The backup was being done using rsync over ssh. I ran strace on the
rsync process on the client and discovered that rsync was claiming right
before exiting that it was unable to allocate memory ("out of memory in
receive_sums"), which was strange because the client machine didn't
appear to be anywhere close to running out of RAM.

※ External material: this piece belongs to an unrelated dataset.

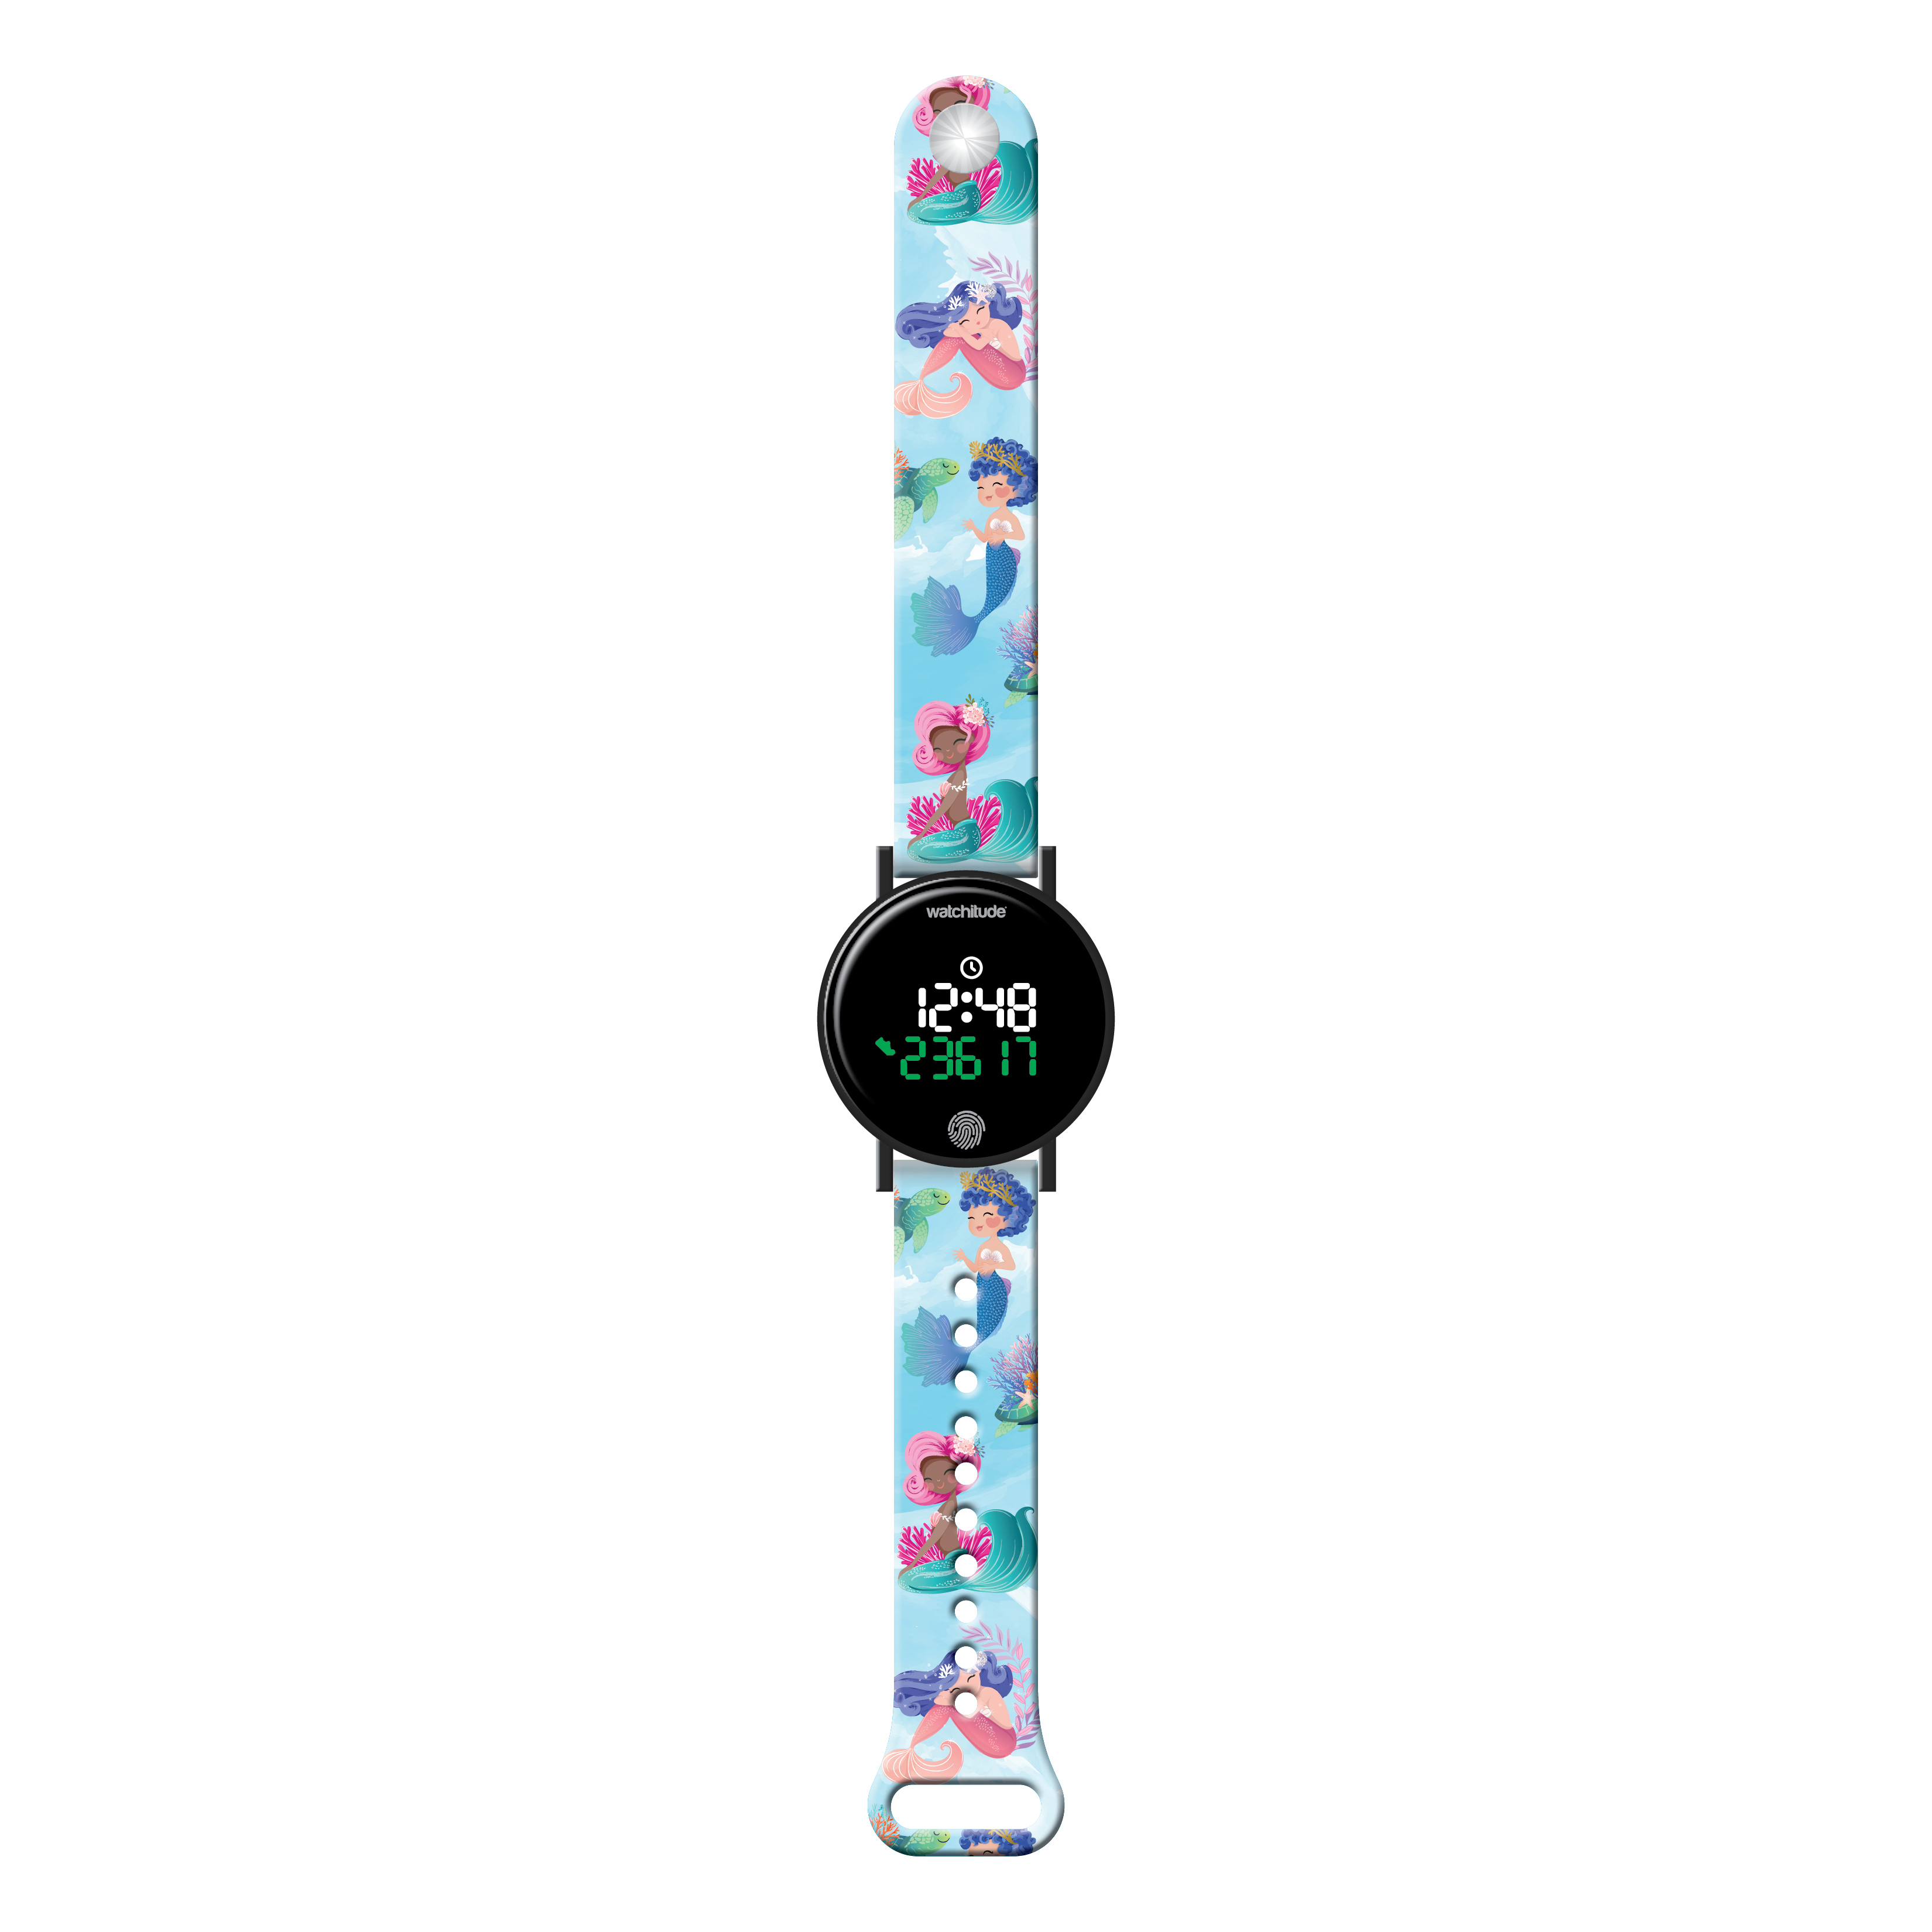 Mermaids Party - Step Counter Watch - Pedometer - Fitness Tracker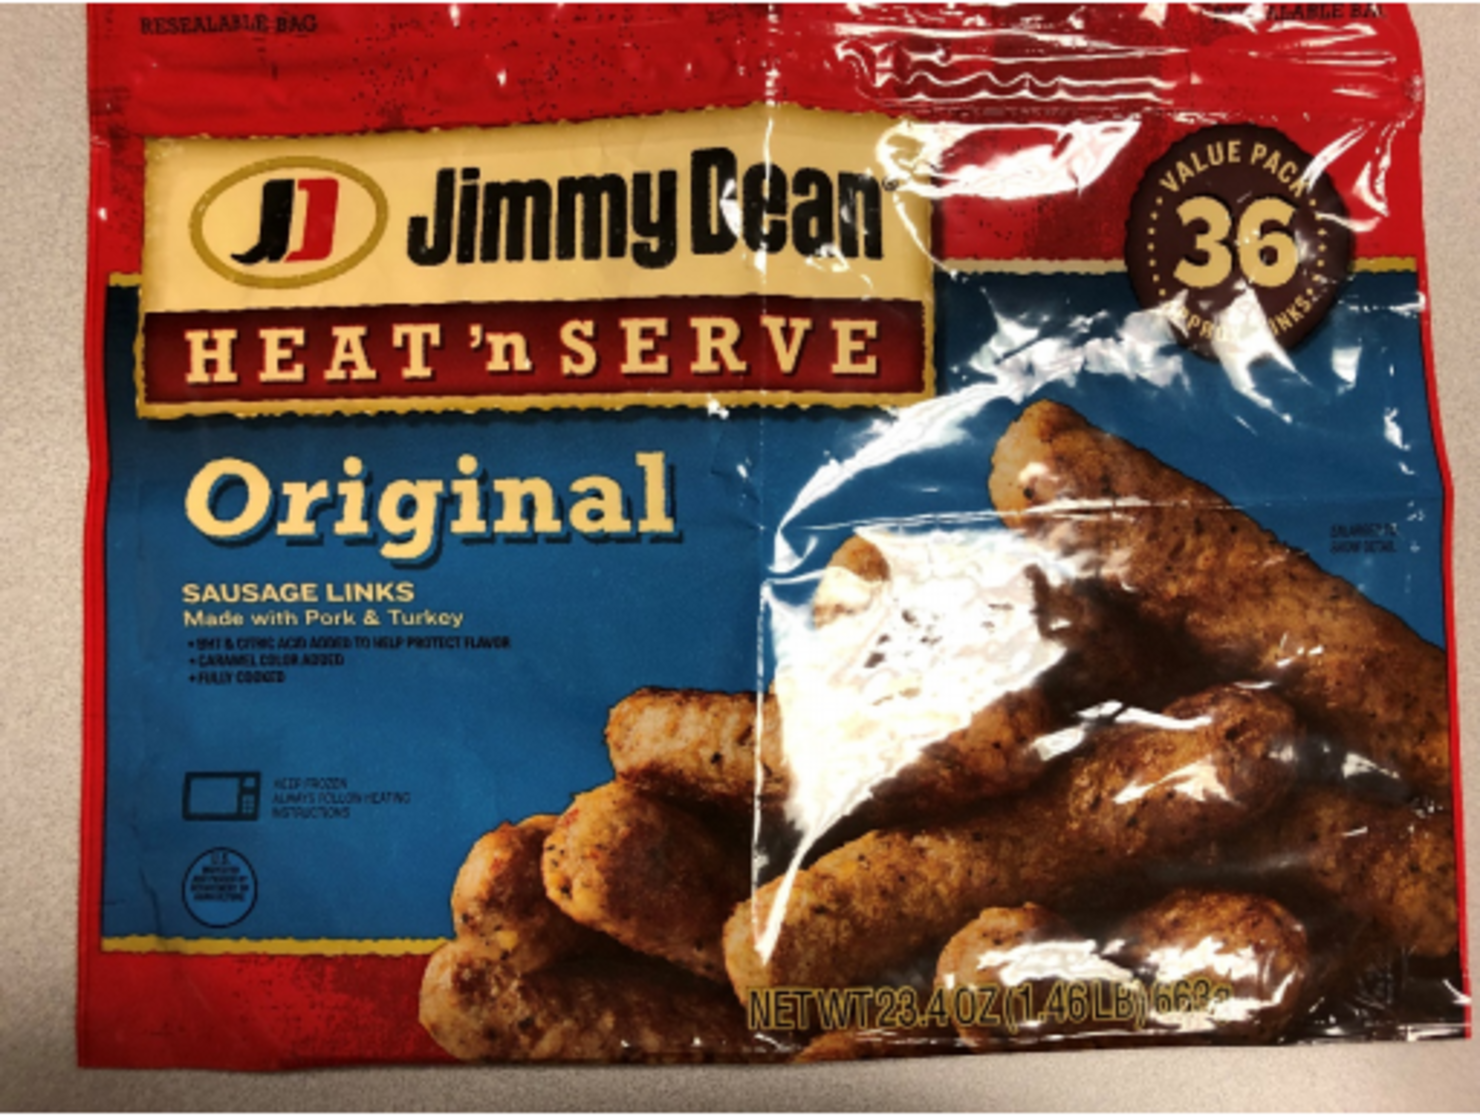 nearly 30,000 pounds of Jimmy Dean Sausage being recalled due to metal shavings

I ended up recompiling rsync on the client with debugging symbols and
without optimization, and then attaching to it in gdb while running the
backup, to find out just why it was claiming to be unable to allocate
memory. From this, I discovered that it was receiving a file size from
the other end (i.e., from File::RsyncP) which was so outrageously large
that it didn't even try to allocate the memory to hold the checksums for
the file. In particular, this code in the rsync's util.c came into
play, and the return statement I've put in bold was actually being
executed:
#define MALLOC_MAX 0x40000000
void *_new_array(unsigned int size, unsigned long num)
{
if (num >= MALLOC_MAX/size)
return NULL;
return malloc(size * num);
}
>From this, I went digging into File::RsyncP on the server, and from
there into BackupPC::Xfer::RsyncFileIO, and from there into
BackupPC::Attrib.
What I discovered, to my surprise, was that in the last successful
backup of this host, somehow a single attribute structure in a single
attrib file got corrupted. The symptom of the corruption was that the
sizeDiv4GB value for that file was set to 4294967295, which if I'm not
mistaken is the signed value -1 cast to an unsigned. The actual size of
the file in question was only 300 bytes, so obviously sizeDiv4GB should
have been set to 0. This backup was made with BackupPC 2.1.2.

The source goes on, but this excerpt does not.